No, using AWS does not absolve you of that responsibility. The game of paying a vendor to be an engineer is that you have to have strategies to test this kind of stuff.

Slack didn’t know how to handle it, they paid AWS hoping the product did what it said on the tin. They didn’t test for this case and got bit.

They have millions of clients they could have coordinated to load test this stuff by picking some time to disable the cache and fallback to cache if it failed.

True, but with any managed service, hidden limits and a cloud provider's own engineering (or lack thereof) may come back to bite the top 0.1% (the whales).

One approach to solve problems of scale is to trim down scale and bound it across multiple disparate silos that do not absolutely interact with each other at all, under any circumstances, except for making quick, constant-time, scale-independent decisions, may be.

In short, do things that don't need scale.

AWS might have had back-to-work traffic in lots of domains simultaneously.

Or maybe their monitoring and response staff was just coming back online.

Lots of other services that use AWS didn't go down the same day -- because they provisioned enough AWS capacity.
Where's the button to provision more TGW capacity?
I actually thought something in AWS was a cause but did not know anything about how TGW works internally.
I actually thought something in AWS was a cause but did not know about these internal systems.
But what HN predicted was wrong https://news.ycombinator.com/item?id=25632346

"My bet is that this incident is caused by a big release after a post-holiday "code freeze". "

HN comments suggested a broad plethora of things.

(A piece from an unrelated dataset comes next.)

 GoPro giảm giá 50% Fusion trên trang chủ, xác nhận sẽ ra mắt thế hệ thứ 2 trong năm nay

I’m not surprised some happened on the right cause.
That's very kind of you to remember :)
But Slack has been around for longer than a year, right? Shouldn't they have noticed this happening earlier?

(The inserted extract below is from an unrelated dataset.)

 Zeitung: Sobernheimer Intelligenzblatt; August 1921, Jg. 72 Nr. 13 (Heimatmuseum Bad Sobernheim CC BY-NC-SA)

I mean, considering Slack is mostly used as a workplace chat mechanism, they should have faced this kind of a scenario previously and had a solution for this by now.

Yeah but this year the number of people working from home that would connect to slack directly at the beginning of their work day must be much much larger than the other years
Another small but potentially relevant detail: Not many people vacationed, so more people would have returned to work at standard times. Many people travel over holidays for example (usually) but this time around in many places it wasn't even an option. Other people extend their holidays to relax more, but I don't know any people interested in staycations in their house. We've had enough of it.
But also smaller because much fewer people went on a long traveling vacation away from laptop.